[Provided material — start]

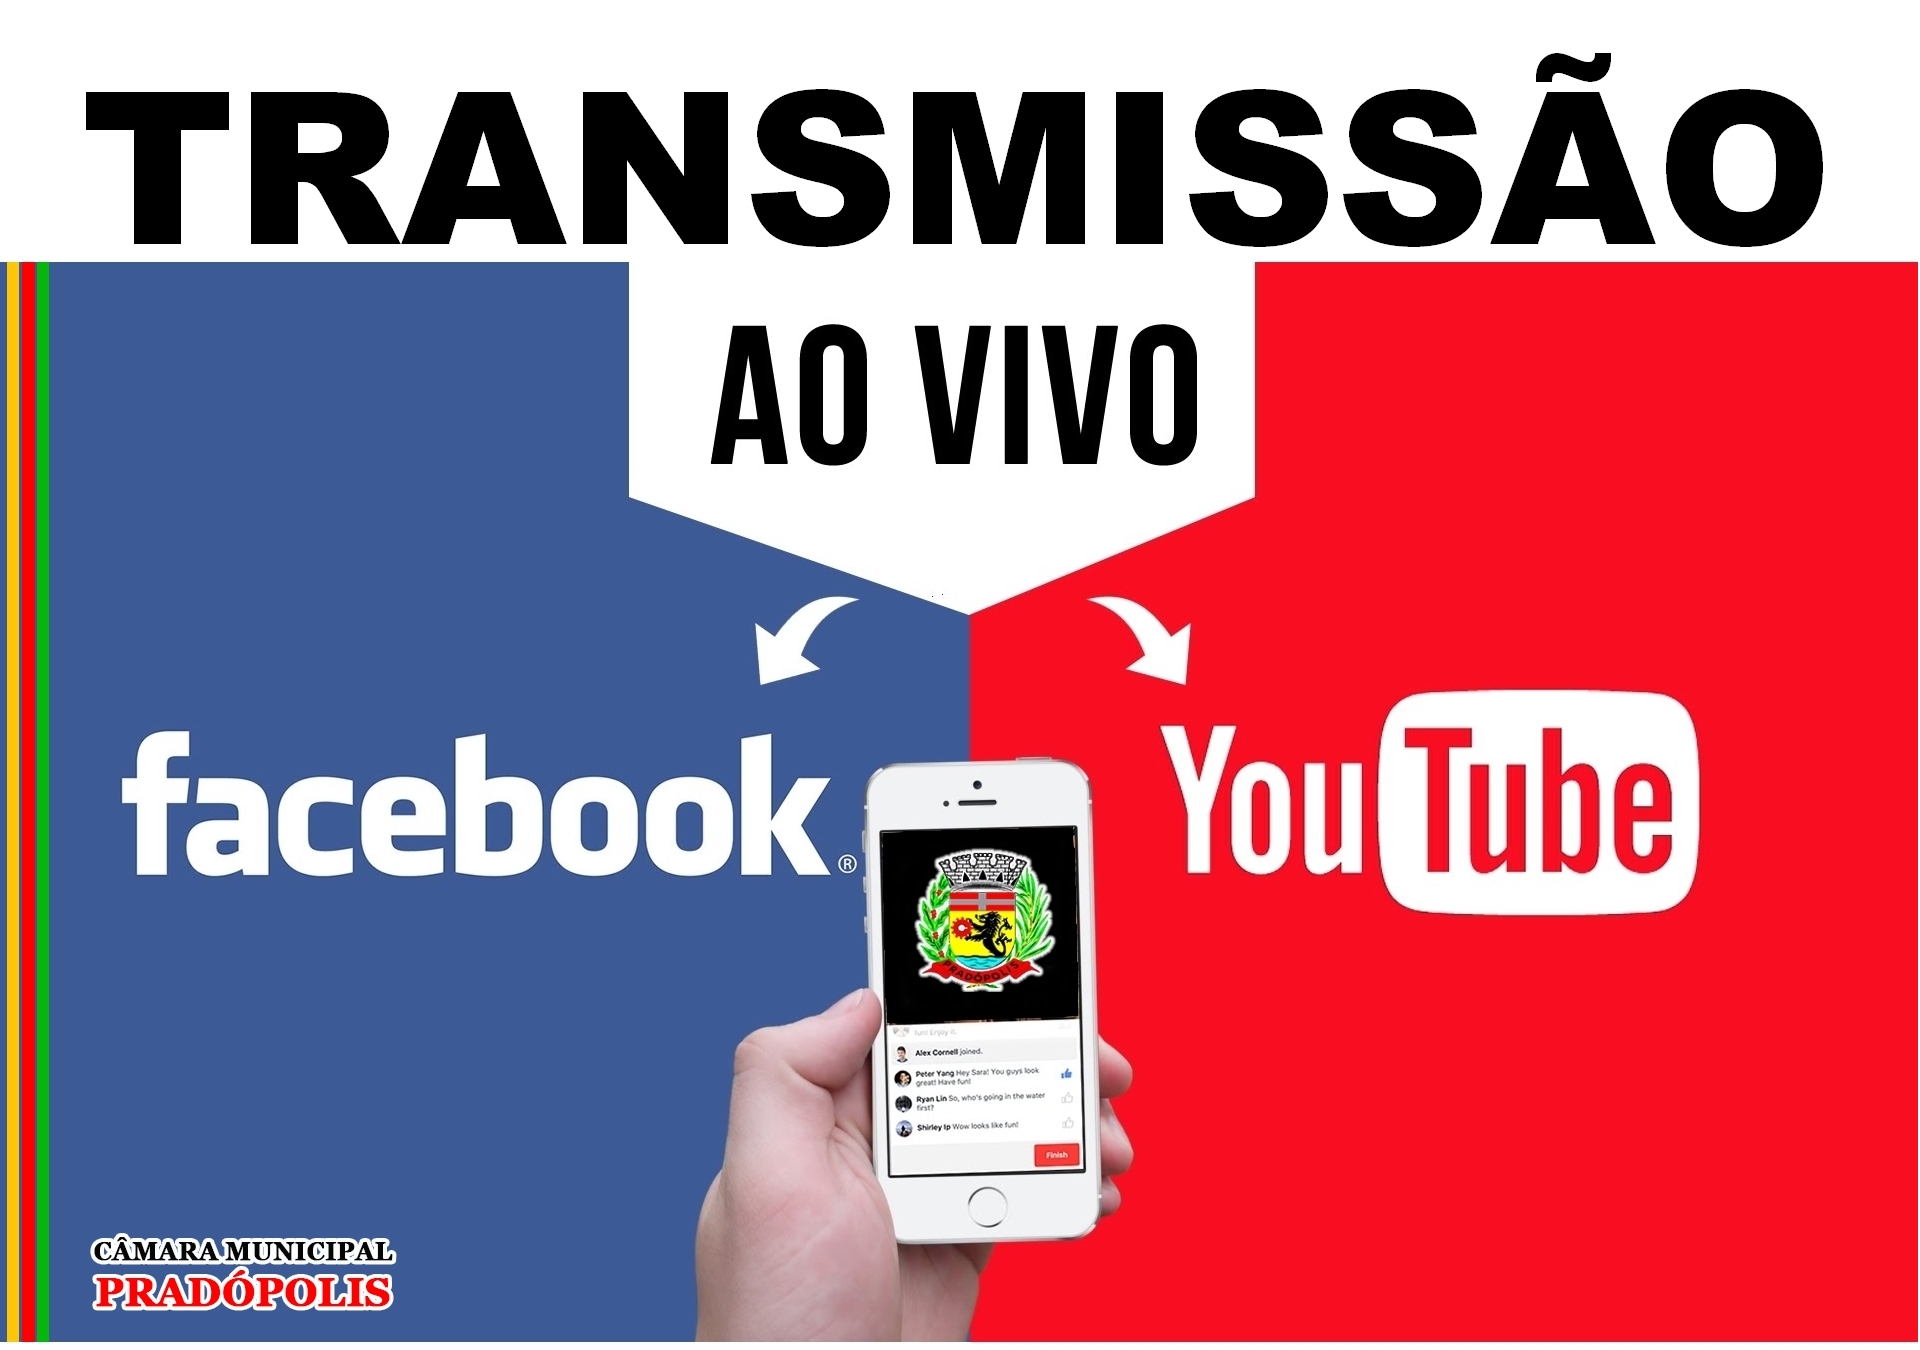 TRANSMISSÃO AO VIVO!!
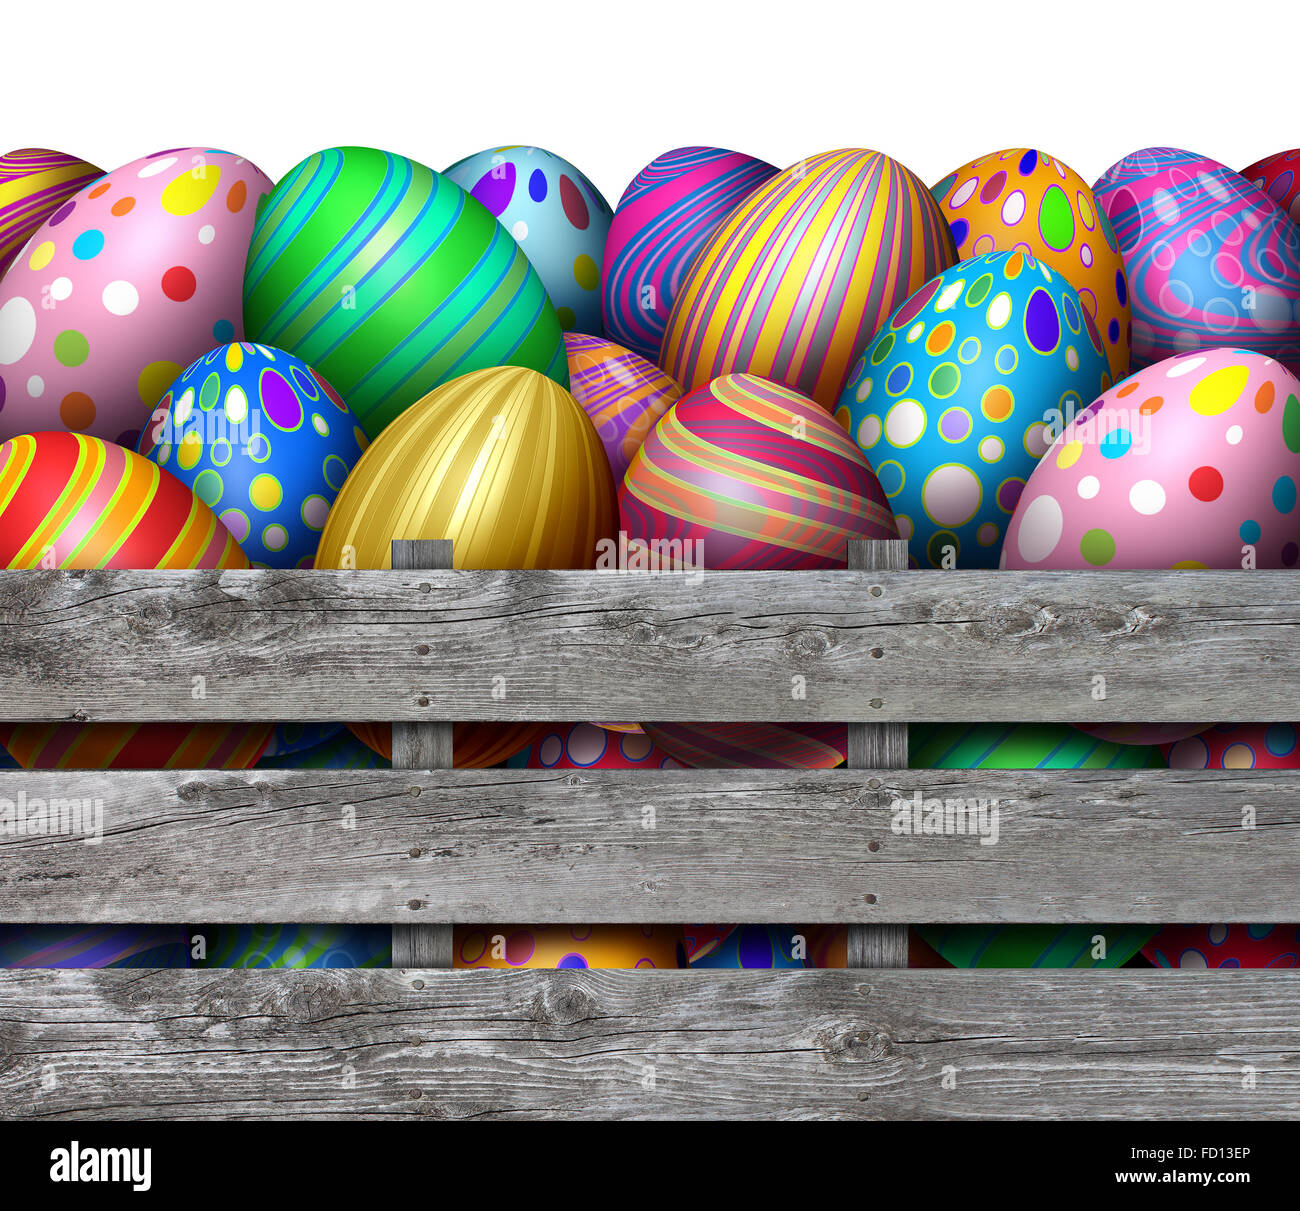 Búsqueda del huevo de pascua cosecha como un grupo de huevos decorados en una vieja caja de madera desgastada caja como un símbolo de primavera festiva para la caza de vacaciones regalos oval pintado colorido. Foto de stock
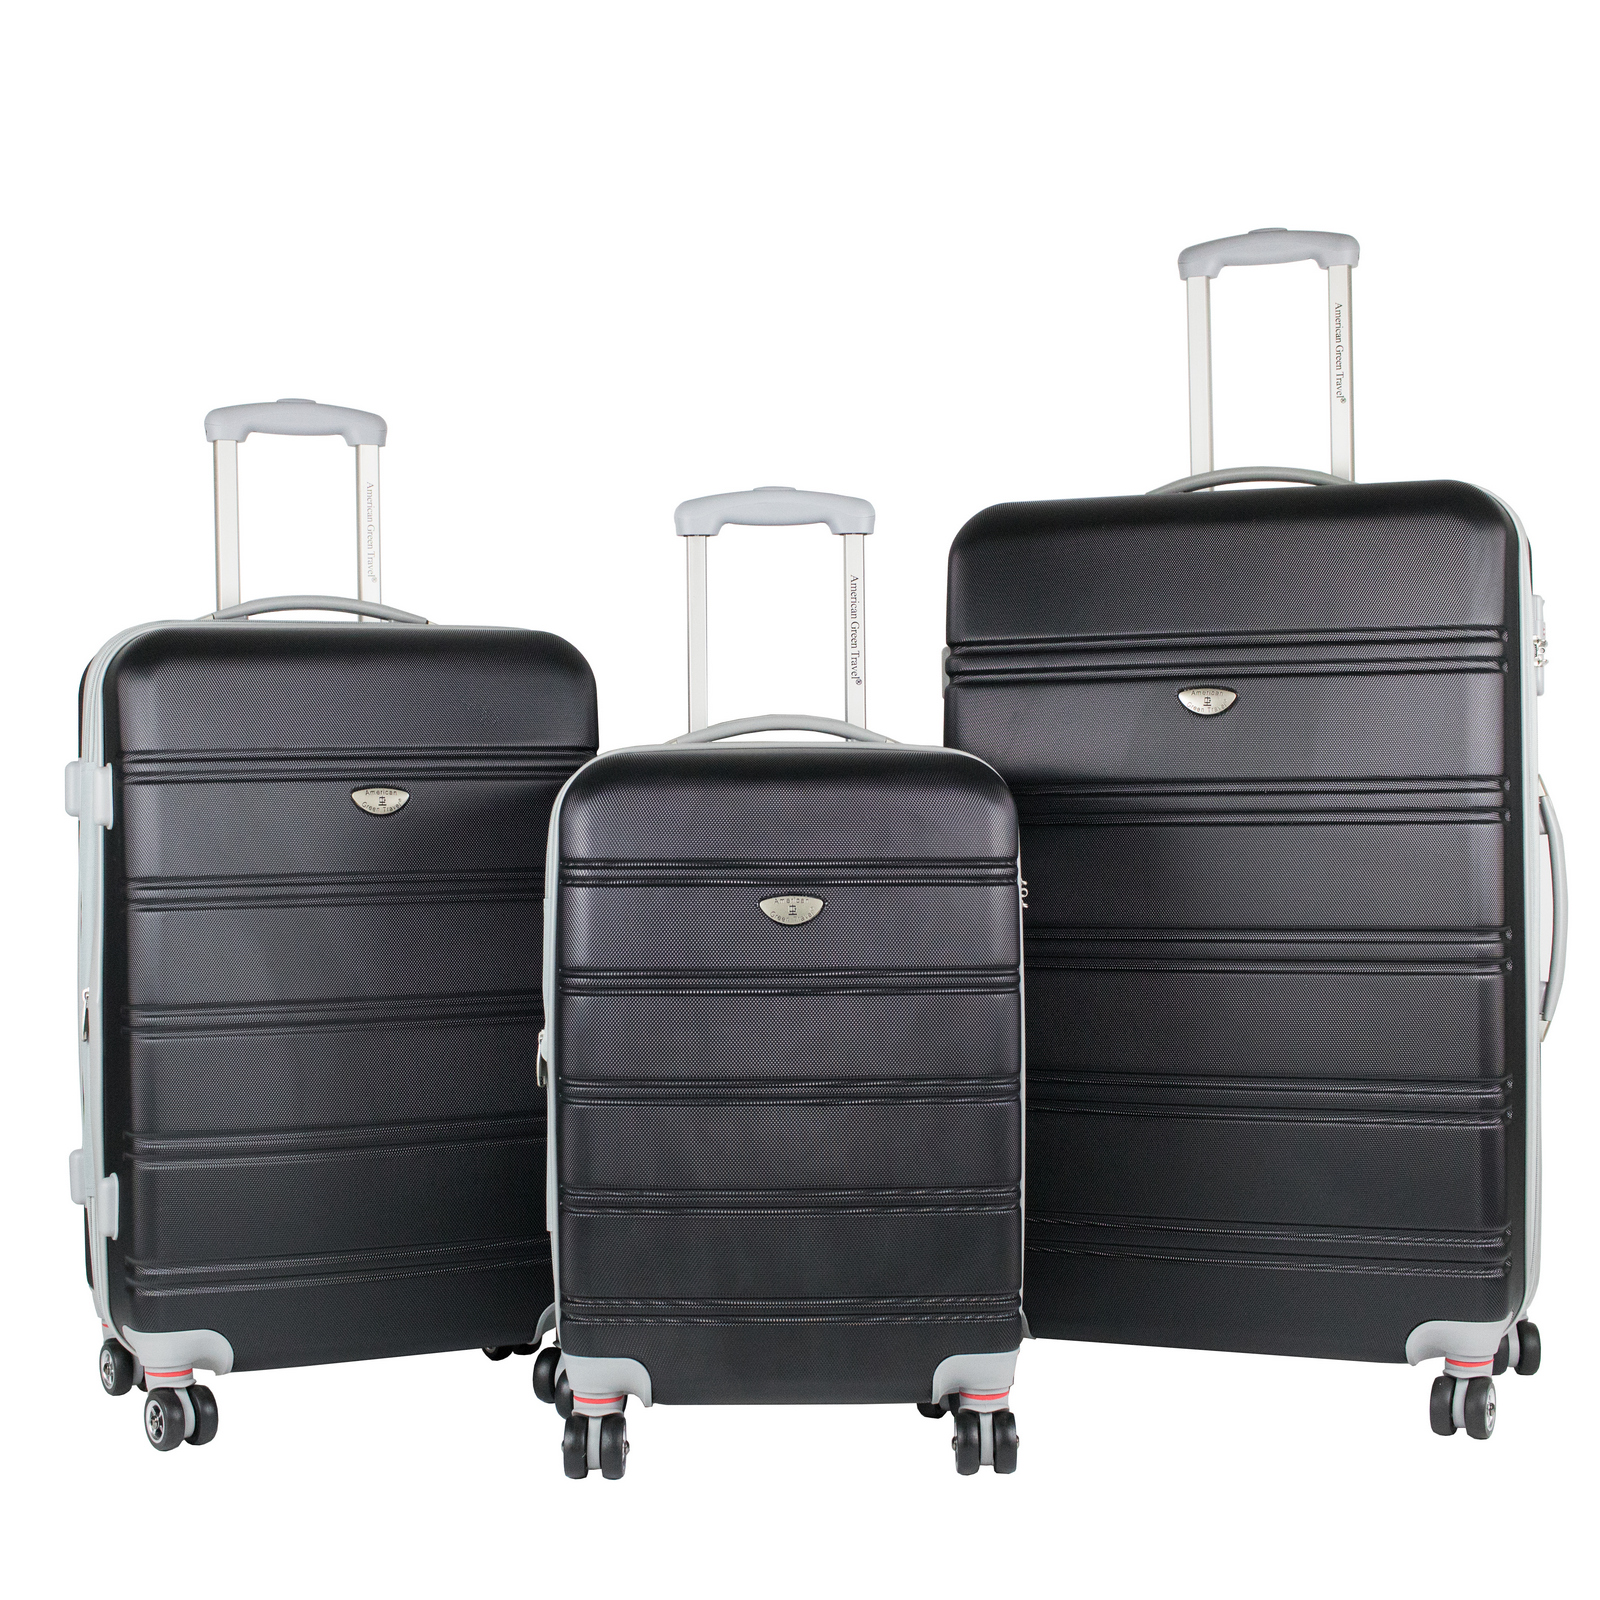 Expandable Hardside Spinner Luggage Set With Tsa Locks, Black - 3 Piece

[Provided material — finish]

* _Problem to solve_
The data is to be returned exactly as it stands, pictures aside.

* _Your response_
 TRANSMISSÃO AO VIVO!!
 Búsqueda del huevo de pascua cosecha como un grupo de huevos decorados en una vieja caja de madera desgastada caja como un símbolo de primavera festiva para la caza de vacaciones regalos oval pintado colorido. Foto de stock
 Expandable Hardside Spinner Luggage Set With Tsa Locks, Black - 3 Piece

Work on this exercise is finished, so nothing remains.